_EXERCISE_:
Only the lines from the opening of the material through the one containing "Durabrand manual MODEL" should be reproduced, each exactly as it stands.

_DATASET RECORDS_:

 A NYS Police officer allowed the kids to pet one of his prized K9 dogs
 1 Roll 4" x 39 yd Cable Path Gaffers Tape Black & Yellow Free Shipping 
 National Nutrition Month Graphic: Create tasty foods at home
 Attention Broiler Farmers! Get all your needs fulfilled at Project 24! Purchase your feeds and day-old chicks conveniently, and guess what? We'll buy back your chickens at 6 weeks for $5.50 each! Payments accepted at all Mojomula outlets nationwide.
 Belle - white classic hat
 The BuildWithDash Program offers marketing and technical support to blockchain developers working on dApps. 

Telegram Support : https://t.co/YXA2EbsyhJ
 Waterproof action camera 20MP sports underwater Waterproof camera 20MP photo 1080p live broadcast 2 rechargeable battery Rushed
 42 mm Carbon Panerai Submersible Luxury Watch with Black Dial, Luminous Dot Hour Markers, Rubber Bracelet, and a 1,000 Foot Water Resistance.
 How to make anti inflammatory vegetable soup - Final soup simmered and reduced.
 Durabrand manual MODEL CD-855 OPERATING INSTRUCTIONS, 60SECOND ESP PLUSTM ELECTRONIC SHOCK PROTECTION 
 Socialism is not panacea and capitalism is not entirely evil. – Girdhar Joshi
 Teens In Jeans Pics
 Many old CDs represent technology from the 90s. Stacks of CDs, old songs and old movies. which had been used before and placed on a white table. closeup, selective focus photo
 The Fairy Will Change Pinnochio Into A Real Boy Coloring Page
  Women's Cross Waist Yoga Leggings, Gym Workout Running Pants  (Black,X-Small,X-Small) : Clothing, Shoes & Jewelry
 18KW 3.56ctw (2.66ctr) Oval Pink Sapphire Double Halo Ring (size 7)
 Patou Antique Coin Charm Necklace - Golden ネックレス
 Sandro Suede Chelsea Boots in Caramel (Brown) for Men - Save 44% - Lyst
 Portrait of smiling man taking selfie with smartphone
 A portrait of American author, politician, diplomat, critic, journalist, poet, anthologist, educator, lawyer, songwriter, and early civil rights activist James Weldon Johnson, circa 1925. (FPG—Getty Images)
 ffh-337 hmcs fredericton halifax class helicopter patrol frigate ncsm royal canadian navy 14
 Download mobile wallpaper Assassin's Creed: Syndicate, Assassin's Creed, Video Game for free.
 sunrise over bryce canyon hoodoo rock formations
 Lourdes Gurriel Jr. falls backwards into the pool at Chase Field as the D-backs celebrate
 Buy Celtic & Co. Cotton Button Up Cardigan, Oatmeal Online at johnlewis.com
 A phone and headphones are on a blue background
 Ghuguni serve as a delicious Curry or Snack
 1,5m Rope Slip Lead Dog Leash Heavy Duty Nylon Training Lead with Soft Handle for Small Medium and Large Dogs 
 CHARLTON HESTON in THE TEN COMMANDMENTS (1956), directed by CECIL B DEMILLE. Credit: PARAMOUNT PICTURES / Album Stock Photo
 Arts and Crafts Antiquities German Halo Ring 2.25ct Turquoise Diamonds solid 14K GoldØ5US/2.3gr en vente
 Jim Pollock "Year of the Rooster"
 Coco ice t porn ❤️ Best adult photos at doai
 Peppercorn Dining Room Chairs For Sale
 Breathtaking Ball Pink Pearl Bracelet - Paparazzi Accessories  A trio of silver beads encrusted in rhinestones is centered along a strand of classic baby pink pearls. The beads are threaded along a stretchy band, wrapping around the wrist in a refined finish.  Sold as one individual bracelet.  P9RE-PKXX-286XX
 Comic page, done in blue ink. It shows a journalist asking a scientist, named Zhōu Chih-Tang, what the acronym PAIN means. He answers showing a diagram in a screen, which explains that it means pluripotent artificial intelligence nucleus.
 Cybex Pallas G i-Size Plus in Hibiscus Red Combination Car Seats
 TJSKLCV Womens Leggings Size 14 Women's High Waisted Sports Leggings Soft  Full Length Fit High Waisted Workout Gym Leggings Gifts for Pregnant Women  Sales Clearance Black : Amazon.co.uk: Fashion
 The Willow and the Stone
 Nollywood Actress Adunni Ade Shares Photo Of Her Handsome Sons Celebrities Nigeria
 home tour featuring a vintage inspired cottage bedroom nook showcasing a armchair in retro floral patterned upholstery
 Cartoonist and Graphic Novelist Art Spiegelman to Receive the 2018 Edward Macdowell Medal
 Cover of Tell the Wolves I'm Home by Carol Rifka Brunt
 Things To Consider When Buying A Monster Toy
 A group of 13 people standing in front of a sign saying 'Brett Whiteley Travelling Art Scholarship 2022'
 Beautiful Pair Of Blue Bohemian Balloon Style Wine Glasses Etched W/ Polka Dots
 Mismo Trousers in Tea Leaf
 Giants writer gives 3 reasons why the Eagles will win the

_EXERCISE RESPONSE_:
 A NYS Police officer allowed the kids to pet one of his prized K9 dogs
 1 Roll 4" x 39 yd Cable Path Gaffers Tape Black & Yellow Free Shipping 
 National Nutrition Month Graphic: Create tasty foods at home
 Attention Broiler Farmers! Get all your needs fulfilled at Project 24! Purchase your feeds and day-old chicks conveniently, and guess what? We'll buy back your chickens at 6 weeks for $5.50 each! Payments accepted at all Mojomula outlets nationwide.
 Belle - white classic hat
 The BuildWithDash Program offers marketing and technical support to blockchain developers working on dApps. 

Telegram Support : https://t.co/YXA2EbsyhJ
 Waterproof action camera 20MP sports underwater Waterproof camera 20MP photo 1080p live broadcast 2 rechargeable battery Rushed
 42 mm Carbon Panerai Submersible Luxury Watch with Black Dial, Luminous Dot Hour Markers, Rubber Bracelet, and a 1,000 Foot Water Resistance.
 How to make anti inflammatory vegetable soup - Final soup simmered and reduced.
 Durabrand manual MODEL CD-855 OPERATING INSTRUCTIONS, 60SECOND ESP PLUSTM ELECTRONIC SHOCK PROTECTION 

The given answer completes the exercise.